Orang tua pun mau tak mau harus menjadi guru sekaligus teman. Kian dan istri bahkan sempat terlibat dalam pembuatan tugas sang anak. Keduanya jadi 'kameraman' dadakan.
Suatu ketika, cerita Kian, sekolah memberikan tugas sang anak untuk membuat video wawancara. Akhirnya, ia dan istrinya kebagian 'tugas' juga buat mengambil gambar dan menjadi tim penilai-yang memberikan masukan. Namun semua itu lancar mereka lalui.
Kian diam-diam sedikit lega, anaknya bisa bangun dengan santai, bersiap bisa dilakukan mulai pukul 08.30 WIB, lantas mengikuti kelas online, tak perlu berjibaku dengan kemacetan demi sampai ke sekolah dan, mereka masih mereka bisa sarapan bersama.
Berbeda dirasakan Ahmad Bachrain. Urusan pekerjaan rumah tangga, ia dan sang istri, Sabrina memang terbiasa berbagi tugas. Tapi untuk beberapa hal, Bachrain mesti 'turun tangan' sendiri jika sudah berurusan dengan putrinya, Nashira Bachrain.
Bocahnya itu usianya masih 3,5 tahun.
"Kacau balau deh, anak kadang bikin ulah. Ya, tipikal kenakalan anak kecil. Gini, dia kan penakut, kalau di rumah dia enggak mau main di ruang tamu kalau enggak ada orang di situ," terang Bachrain.
"Saya dan istri kan kerja di kamar, maklum ruangan terbatas, karena kontrakan. Dia masuk nih [ke kamar], bawa minuman, lalu ditumpahin di kamar. Haduh, puyeng," ia melanjutkan cerita.
Kalau sudah begitu, kata Bachrain, istrinya akan merespons ulah si kecil dengan teriakan. Ia, hanya bisa mengomel sekenanya saja. Sejenak kadang Bachrain mesti meninggalkan laptop dan beralih ke 'tugas' menenangkan anak sehingga ia dan istrinya bisa lebih fokus bekerja.
Distraksi macam itu ia akui bikin 'kepala pecah'. Perpaduan antaara polah sang bocah dan teriakan sang istri.
Sensasi lain lagi diungkapkan Muhammad Arby. 'Bapak baru' ini justru sedang menikmati masa-masa awal memiliki anak. Tangis bayi perempuan usia tiga bulan itu justru jadi 'teman' saat Arby bekerja.
"Sebenarnya boleh dibilang distraksi, tapi lebih banyak menghiburnya," cerita dia sumringah.
Tugas merawat dan mengasuh ia bagi berdua dengan pasangan. Arby mengaku selalu menyediakan diri untuk ikut menenangkan sang bocah, agar istrinya bisa beristirahat. Maklum, ia Cuma bisa ambil bagian untuk urusan mengganti popok.

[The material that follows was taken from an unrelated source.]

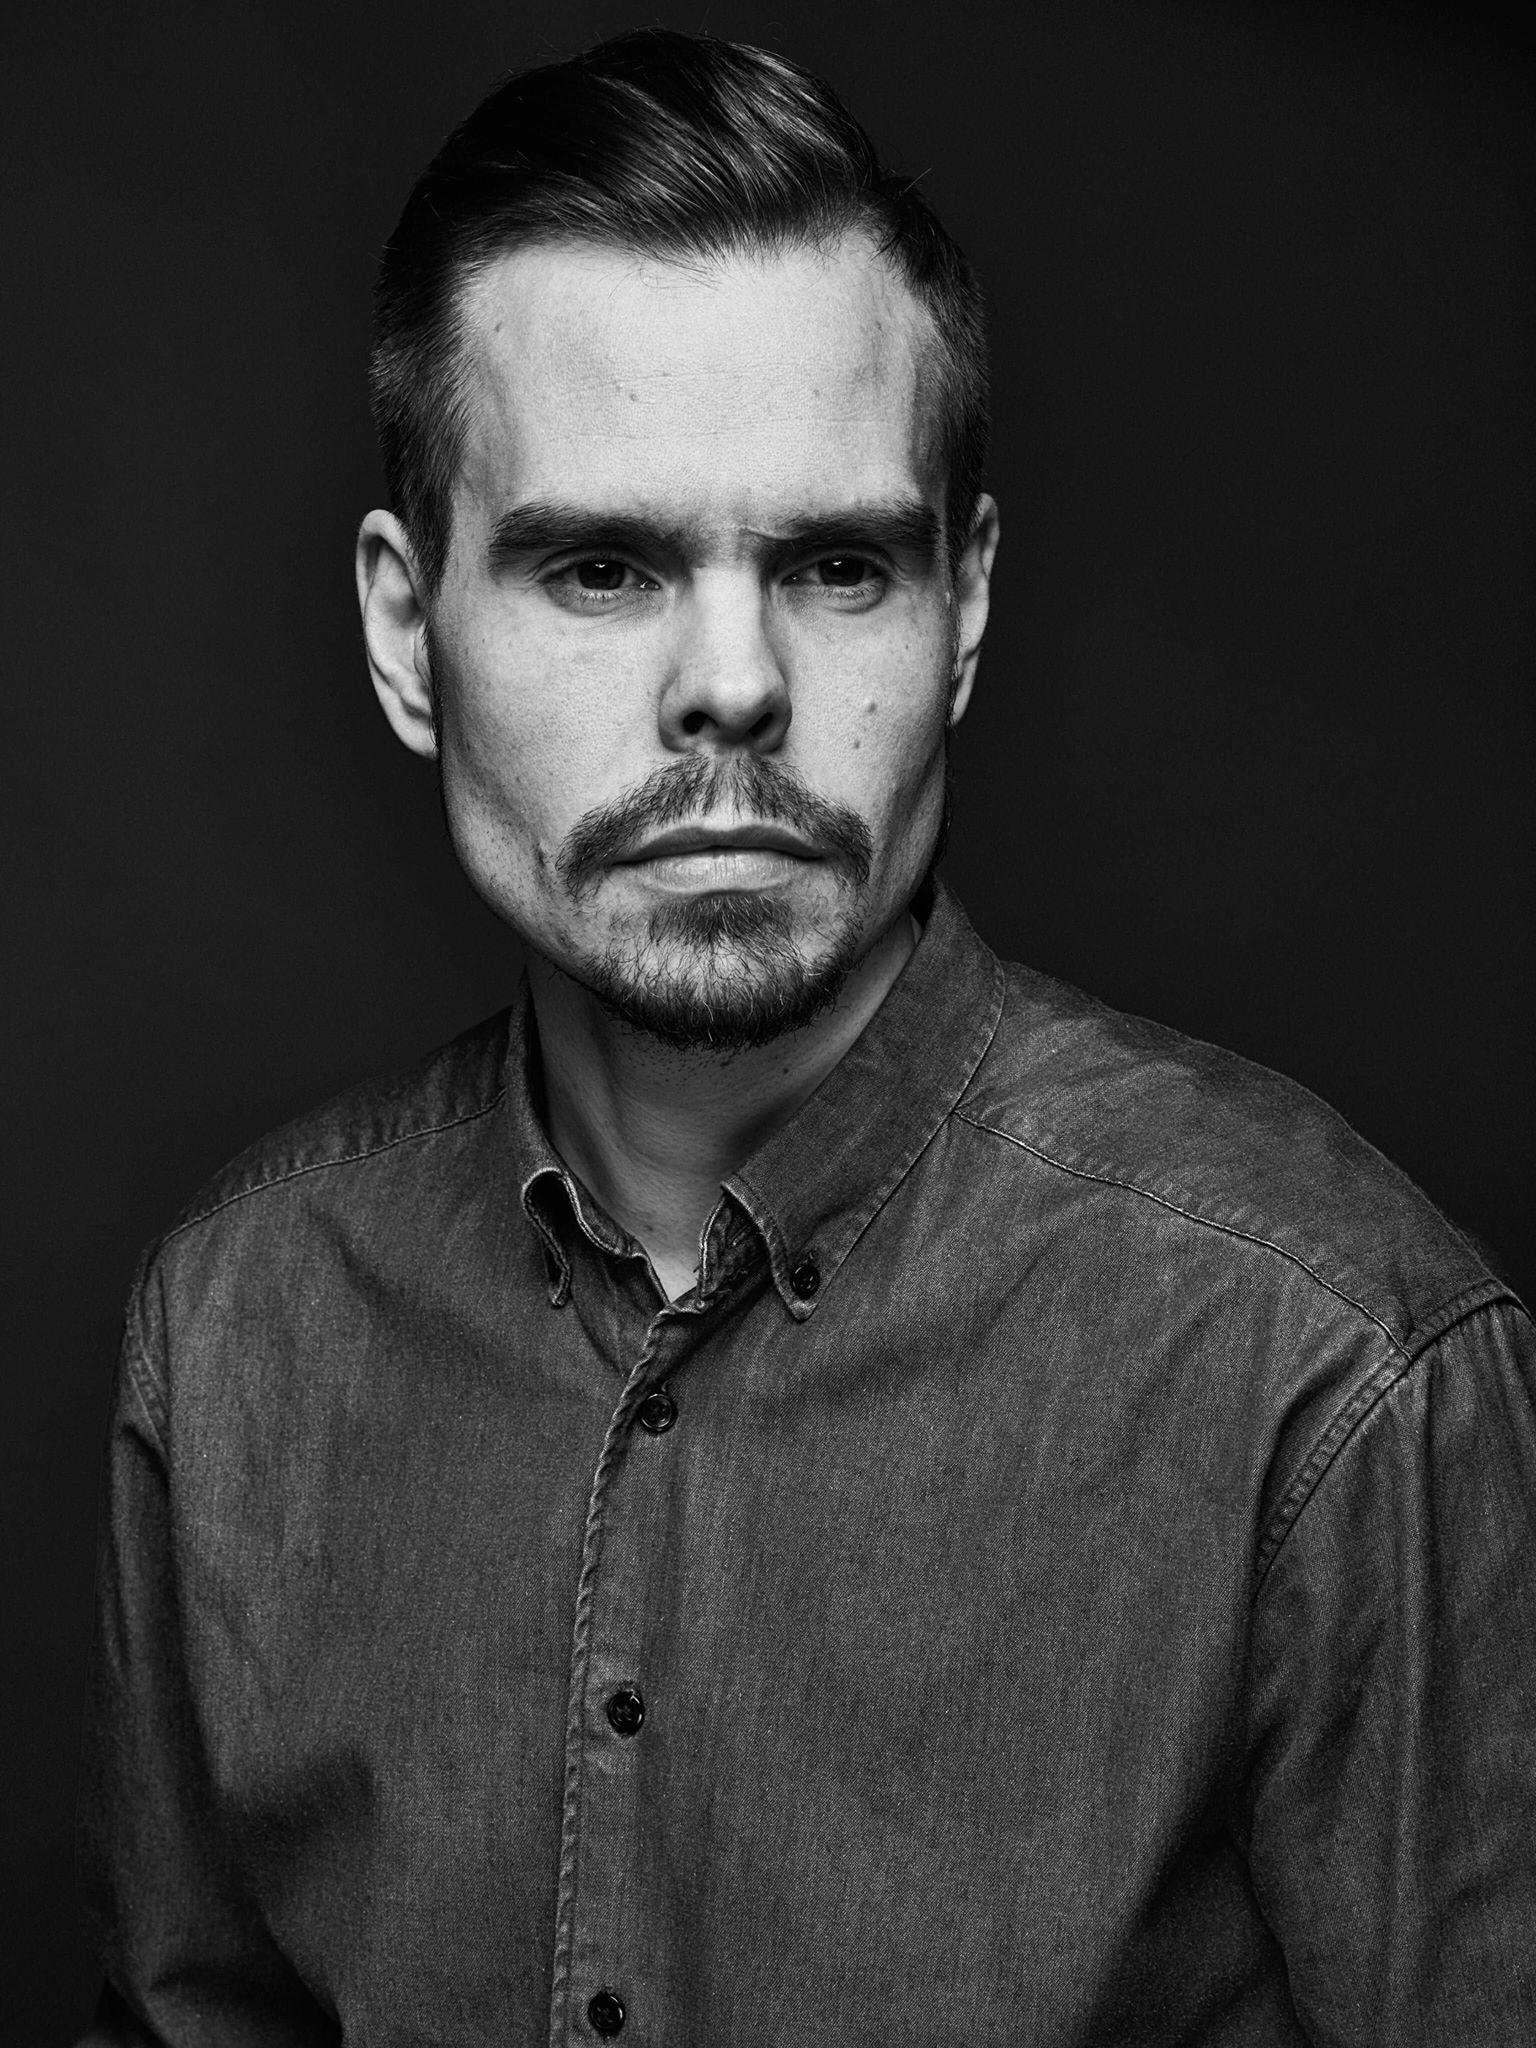 Andreas Varro

Selama masa bekerja dari rumah pun, ia memilih menggarap tugas kantor itu di kamar, sembari menjaga anak.
Work From Home atau Work From Office?Bertolok pada pelbagai pengalaman selama bekerja dari rumah, kesan yang membekas dari masing-masing bapak berbeda. Jika harus memilih, Arby dan Bachrain lebih senang bekerja dari kantor.
Arby beralasan, bekerja di rumah memang memunculkan rasa nyaman karena dekat keluarga. Tapi pekerjaan terasa lebih efektif ketika dilakukan di kantor. Koordinasi dengan rekan kerja pun lebih gampang. Ditambah lagi, tempat ia bekerja menerapkan sistem penilaian per pekan sehingga kinerja di kantor bakal terukur.

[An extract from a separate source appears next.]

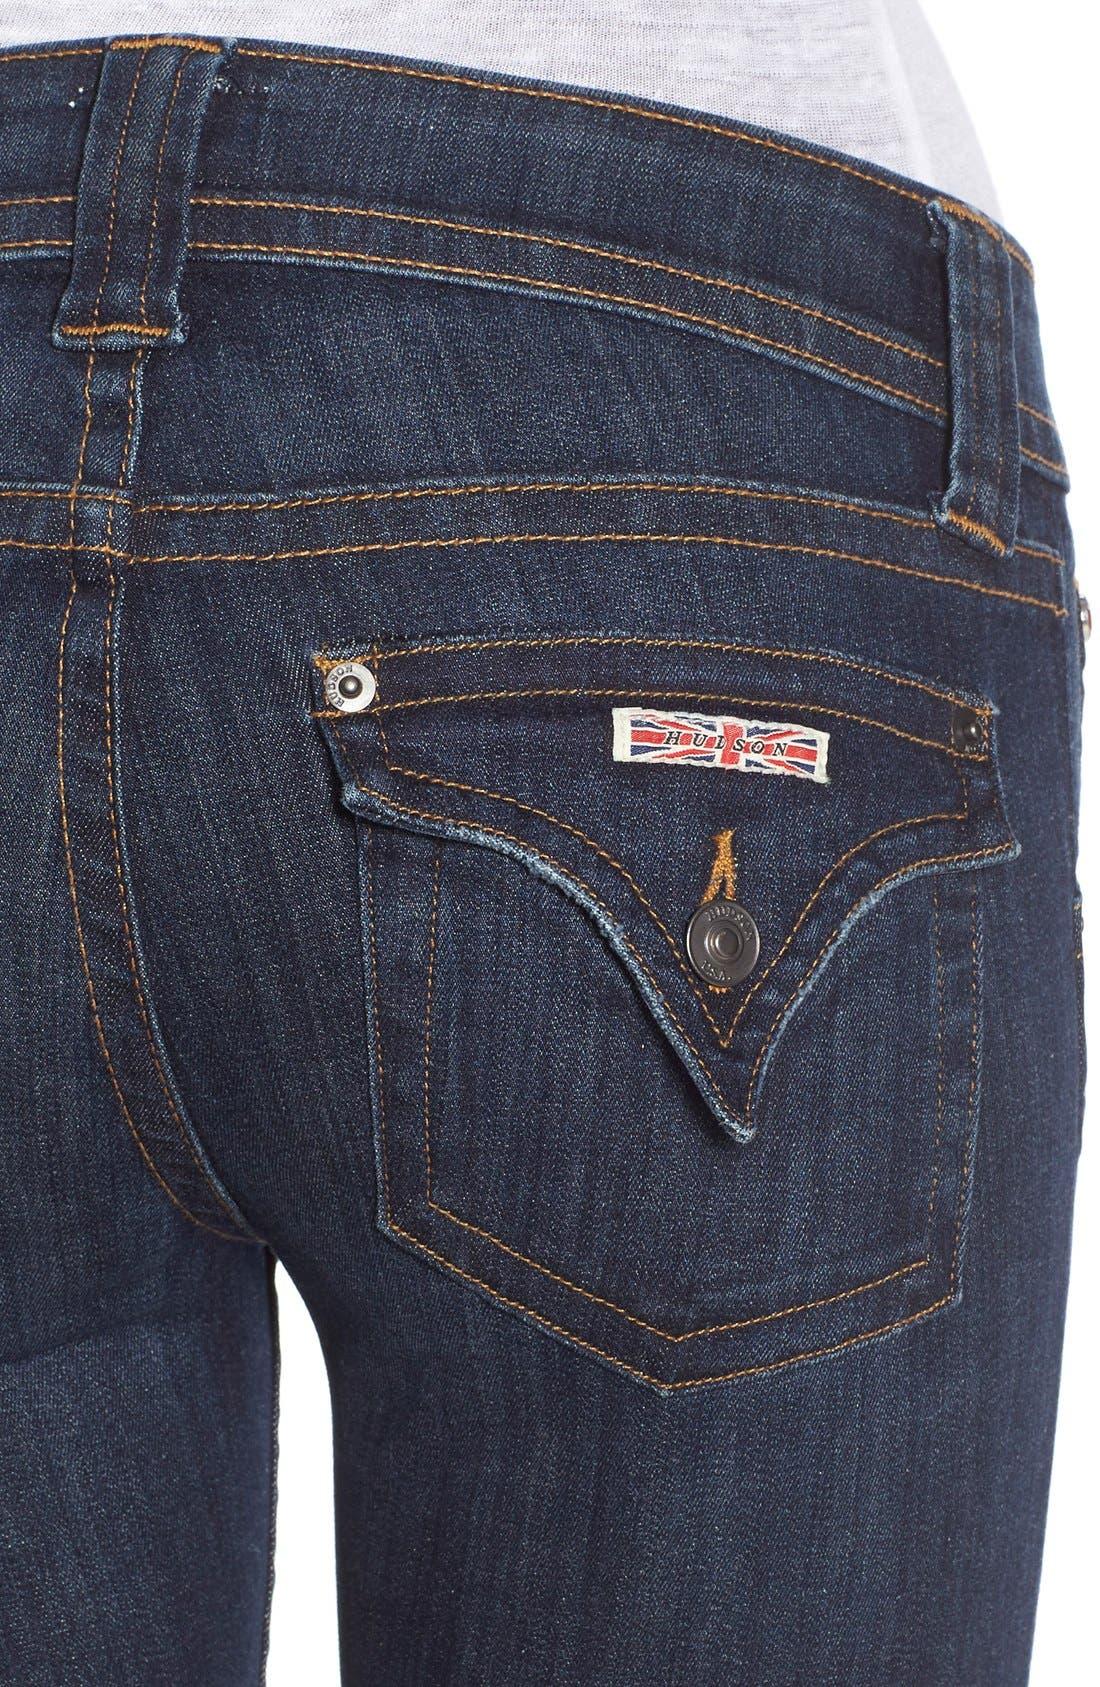 'Palerme' Cuff Bemuda Shorts,                             Alternate thumbnail 4, color,                             Elemental

Tak bisa disangkal, terlalu lama bekerja dari rumah memunculkan perasaan janggal-kangen kantor.
"WFH bikin kangen suasana kantor, kangen sama teman-teman kantor juga. Yang enggak kangen naik keretanya, desak-desakan, pulang malam. Kalau bisa teleportasi, terus langsung kerja, okelah," tutur Arby diikuti tawa.
Begitu pula dengan Ahmad Bachrain. Ia juga menganggap kerja dari rumah tak cukup efektif. Selain itu beban tugas terasa jadi kian banyak. Ditambah lagi, ia kehilangan bahan pelepas penat seperti senda gurau dengan rekan kerja atau kegemarannya: mengunjungi pasar.
 Foto: CNN Indonesia/Andry Novelino |
Rutinitas ke kantor membuat Bachrain lancar melakoni hobi pergi ke pasar. Bagi dia, kunjungan ke pasar bisa jadi jalan lain pelepas stres. Sayuran segar dan warna-warni buah membuatnya senang. Lagipula toh istrinya juga kerap menitip belanjaan. Sekali mendayung dua tiga pula terlampaui, belanja beres, urusan hiburan terpenuhi pula.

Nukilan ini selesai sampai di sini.